#### Information supplied:
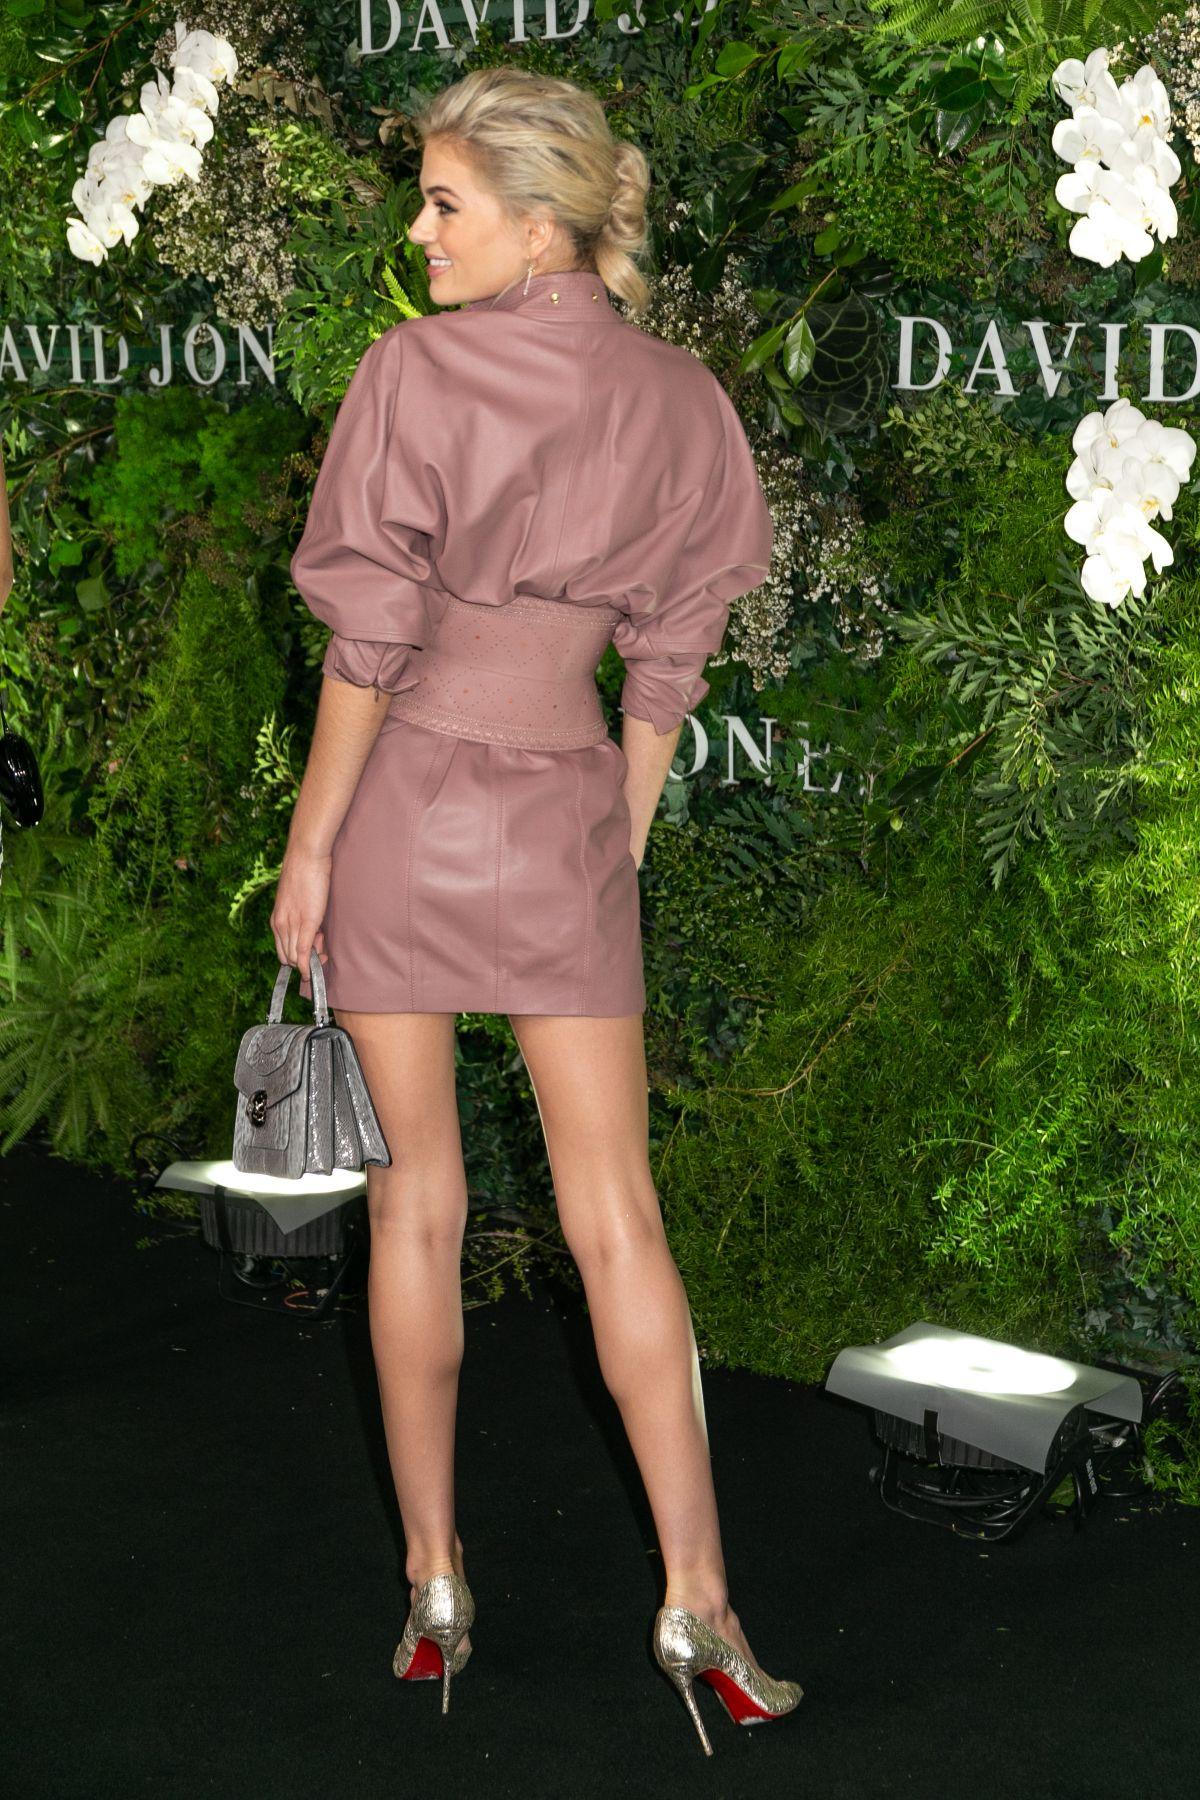 Miranda Kerr for David Jones Spring/Summer 2012 Catalogue
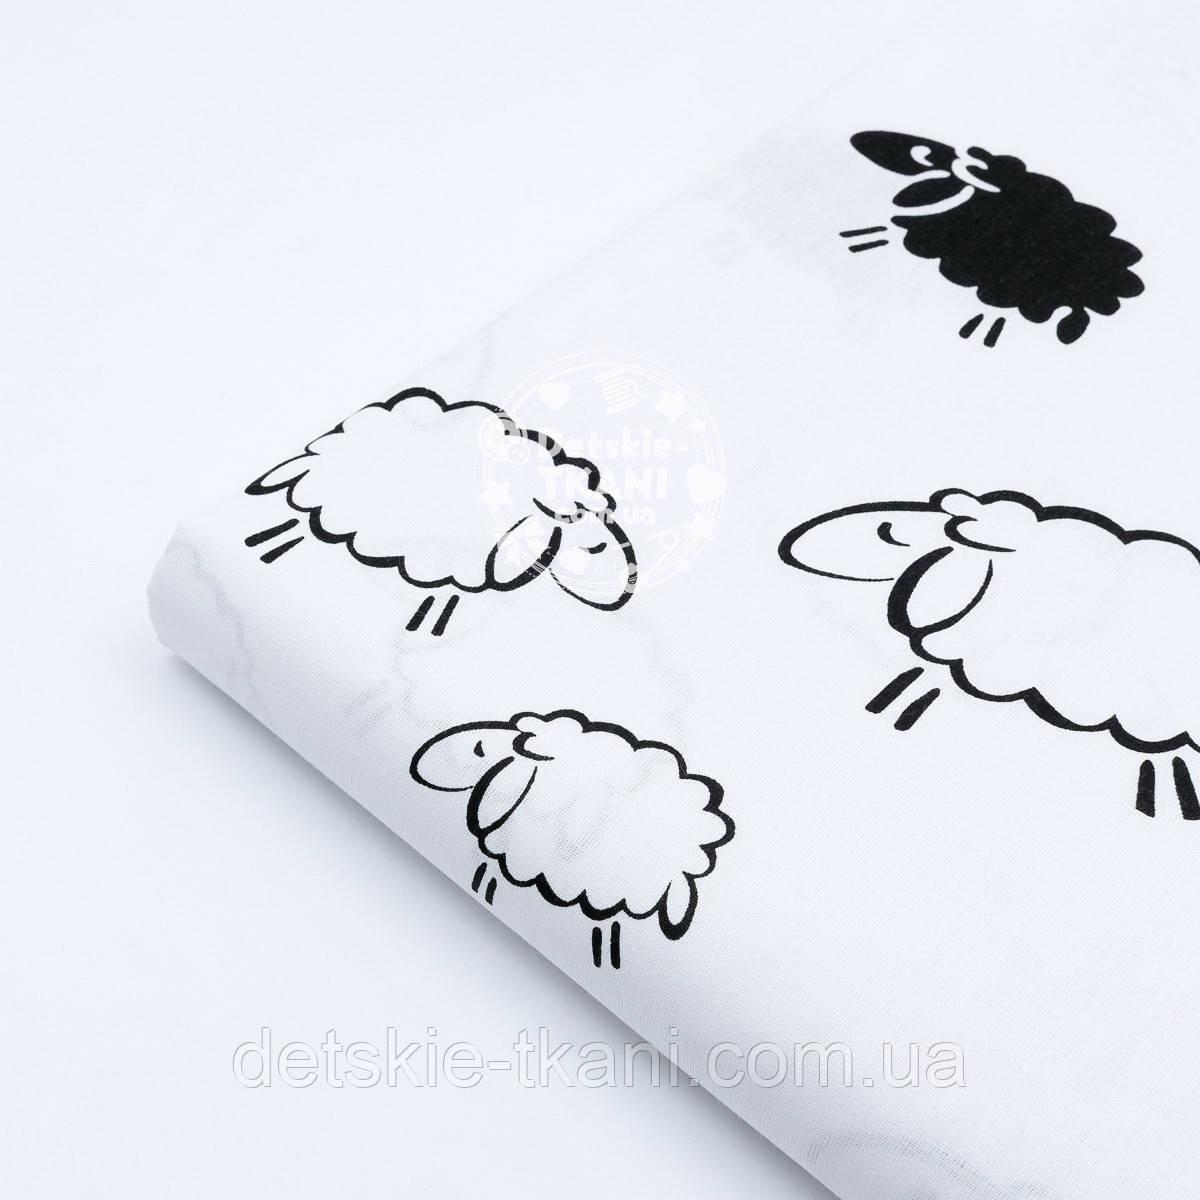 """Лоскут ткани """"Контурные и чёрные овечки"""" на белом фоне, №1666, размер 41*80 см"""
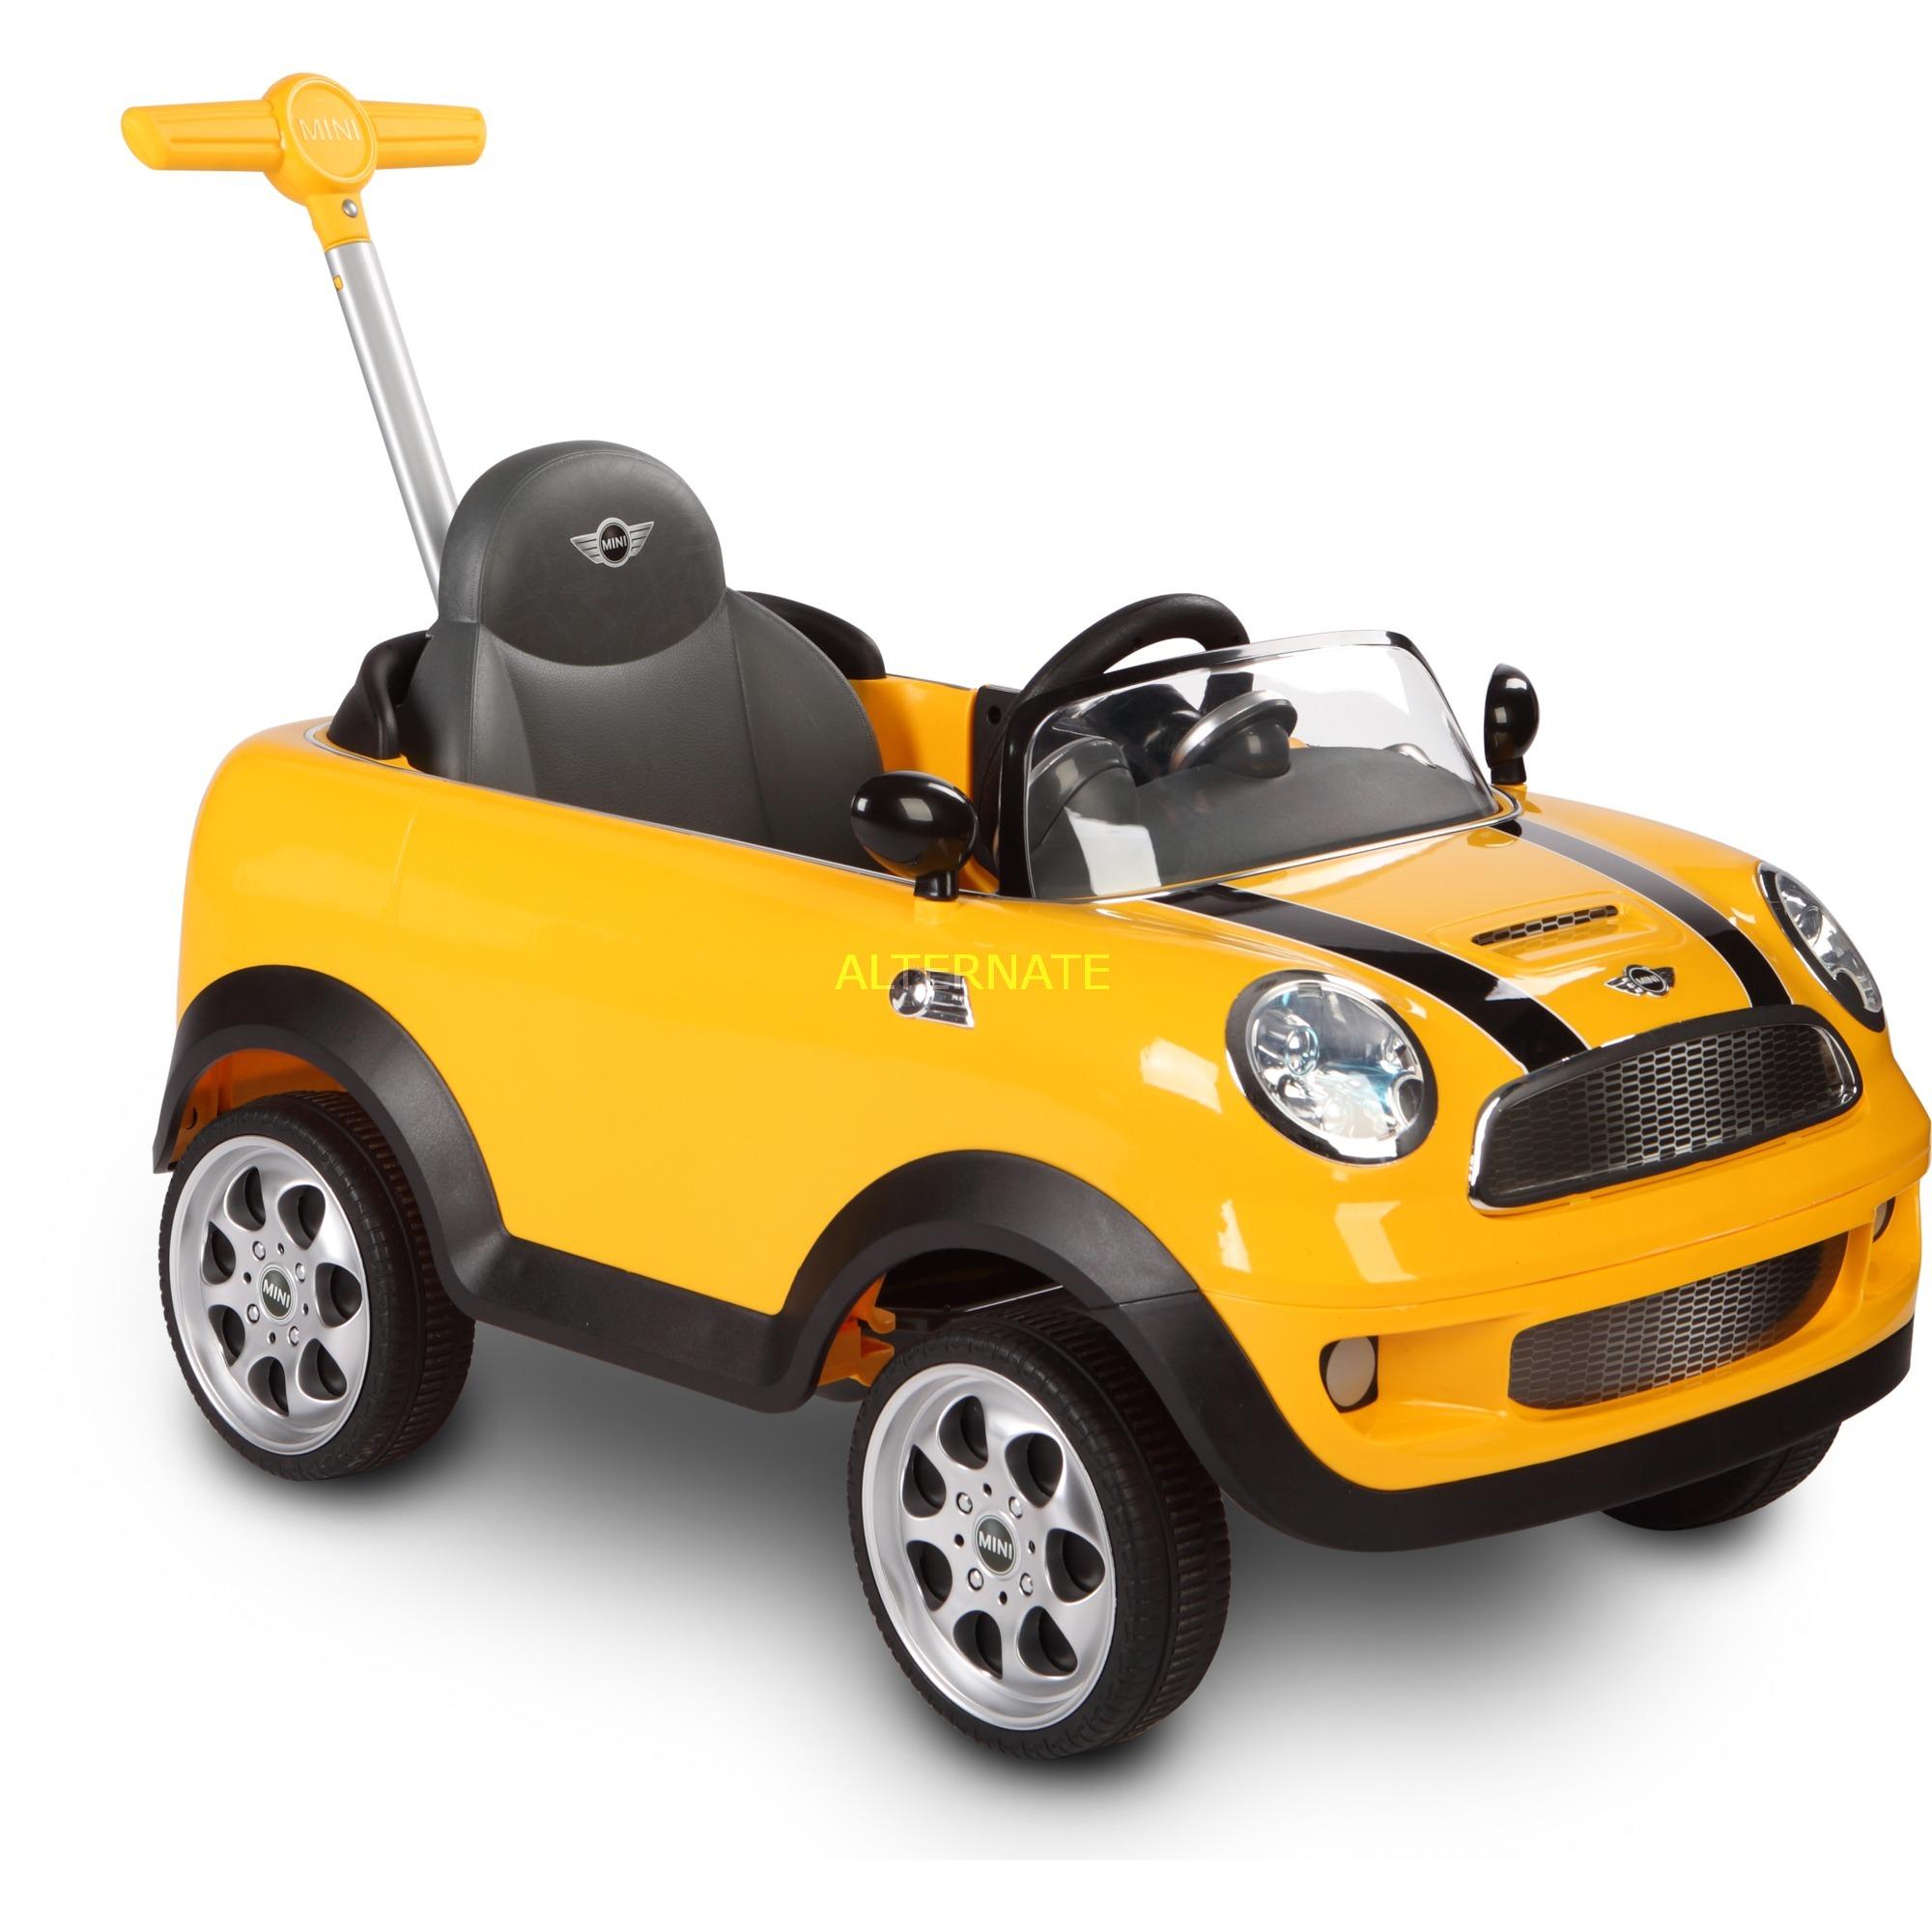 ZW455-42583, Automóvil de juguete

#### Exercise aim:
Print the material again, unchanged, without its pictures.

#### Response to the exercise:
 Miranda Kerr for David Jones Spring/Summer 2012 Catalogue
 """Лоскут ткани """"Контурные и чёрные овечки"""" на белом фоне, №1666, размер 41*80 см"""
 ZW455-42583, Automóvil de juguete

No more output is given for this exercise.